**Assignment:**
No pictures go in the copy. Restate, word for word, each line from the one containing "Handcrafted Vicose Cotton" through the last line below.

**The data:**
----------

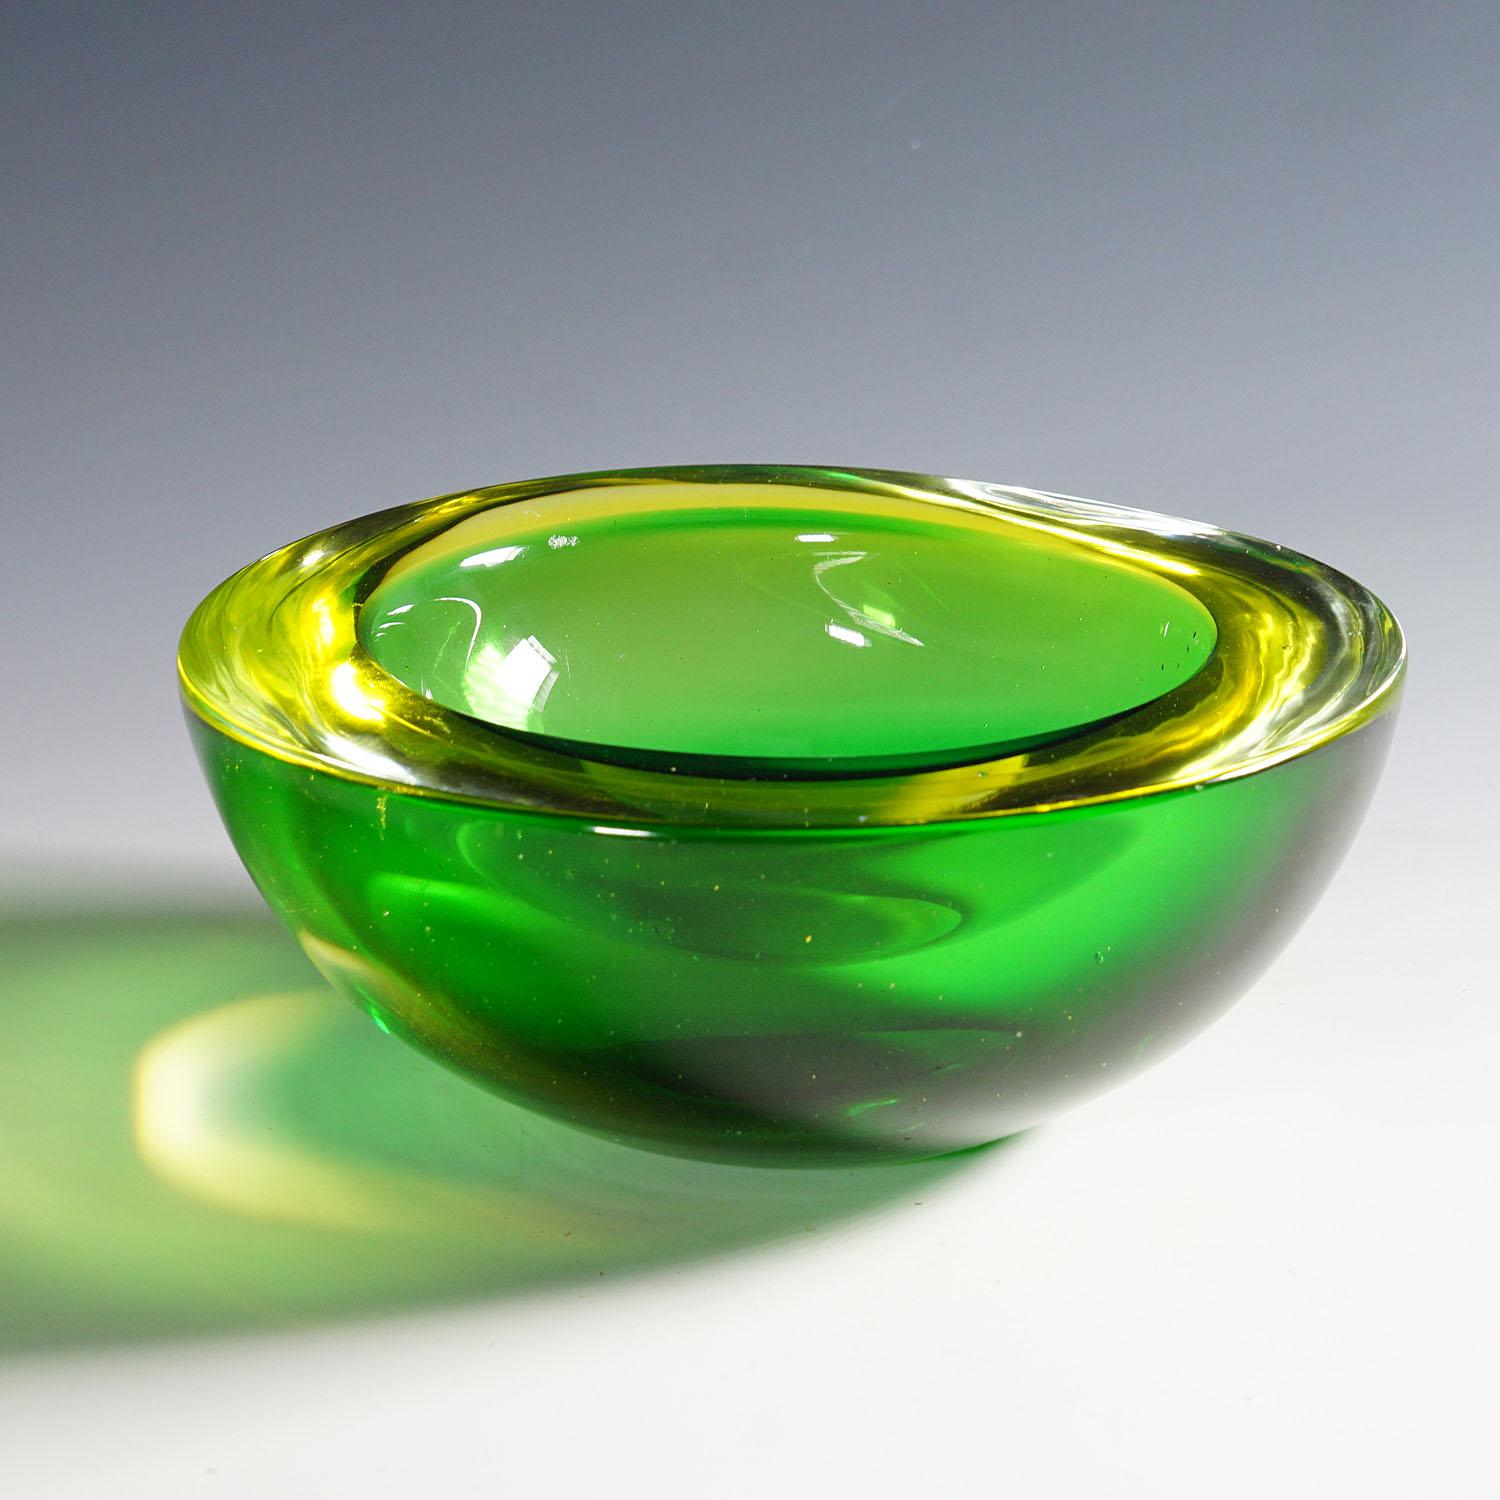 Mid-Century Modern Archimede Seguso Geode Bowl in Green and Yellow, Murano Italy Ca. 1960s For Sale
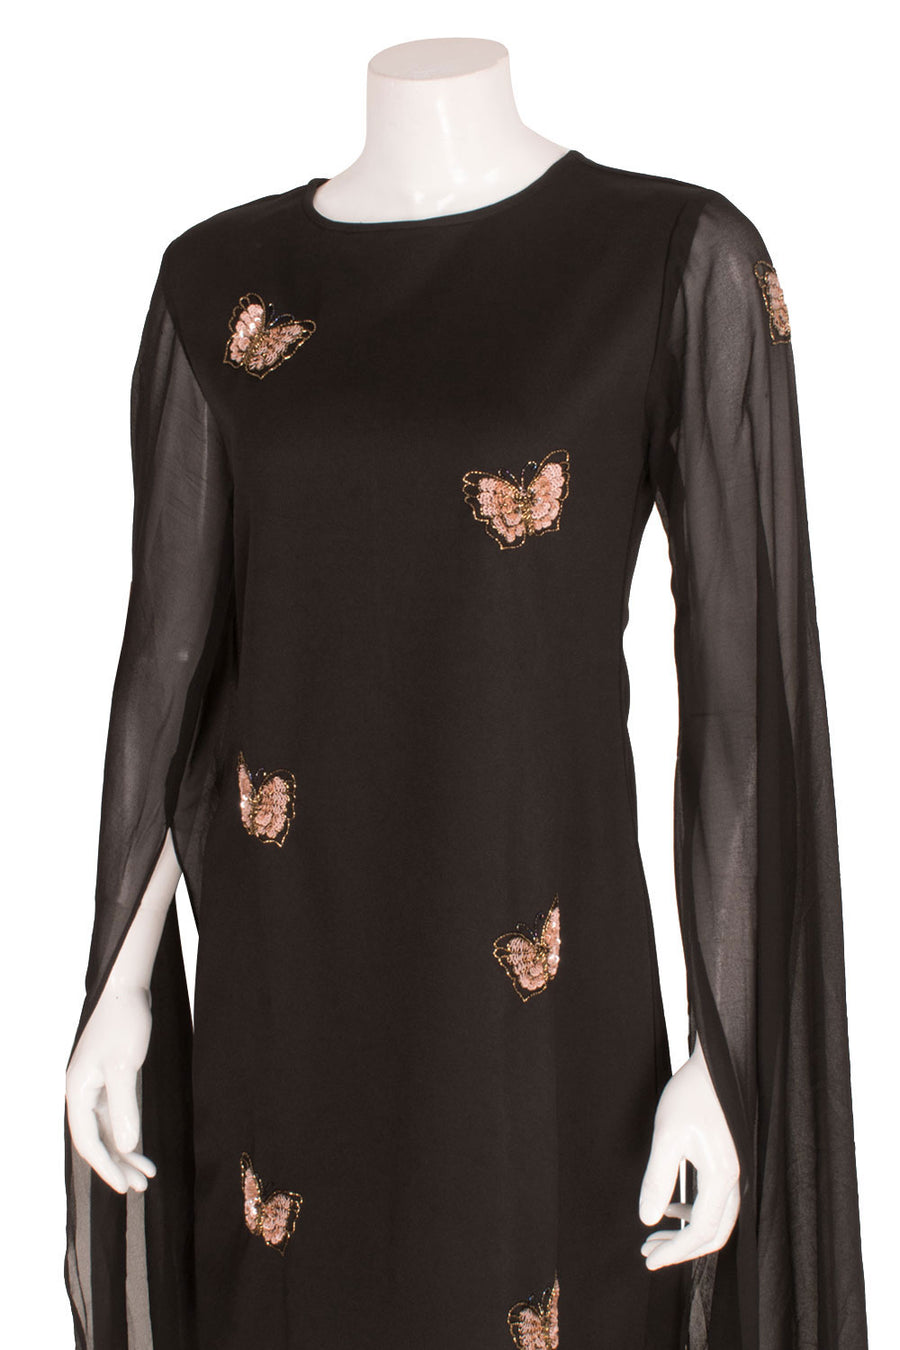 Handcrafted Vicose Cotton Sheath Dress with Butterfly Embellished and Slit Sleeves
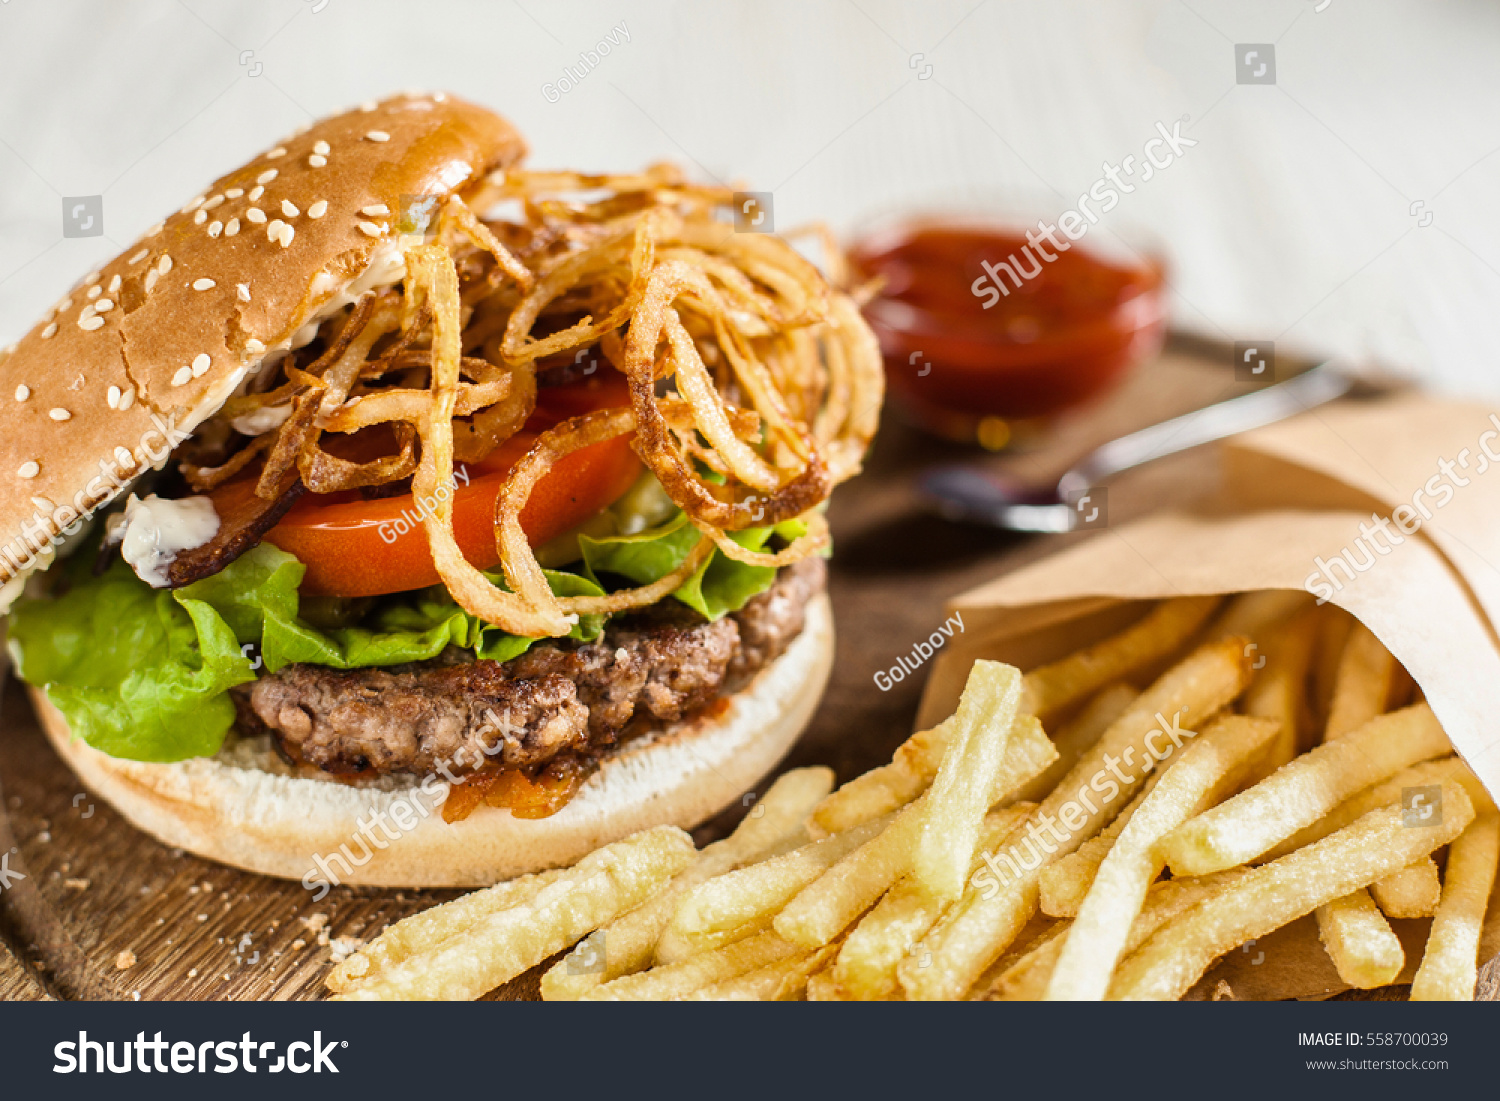 Restaurant serving of burger with fries and ketchup. Side view on catering platter with traditional american snack. Fast junk food, dining, fat eating concept #558700039

----------

**Answer section:**
 Handcrafted Vicose Cotton Sheath Dress with Butterfly Embellished and Slit Sleeves
 Restaurant serving of burger with fries and ketchup. Side view on catering platter with traditional american snack. Fast junk food, dining, fat eating concept #558700039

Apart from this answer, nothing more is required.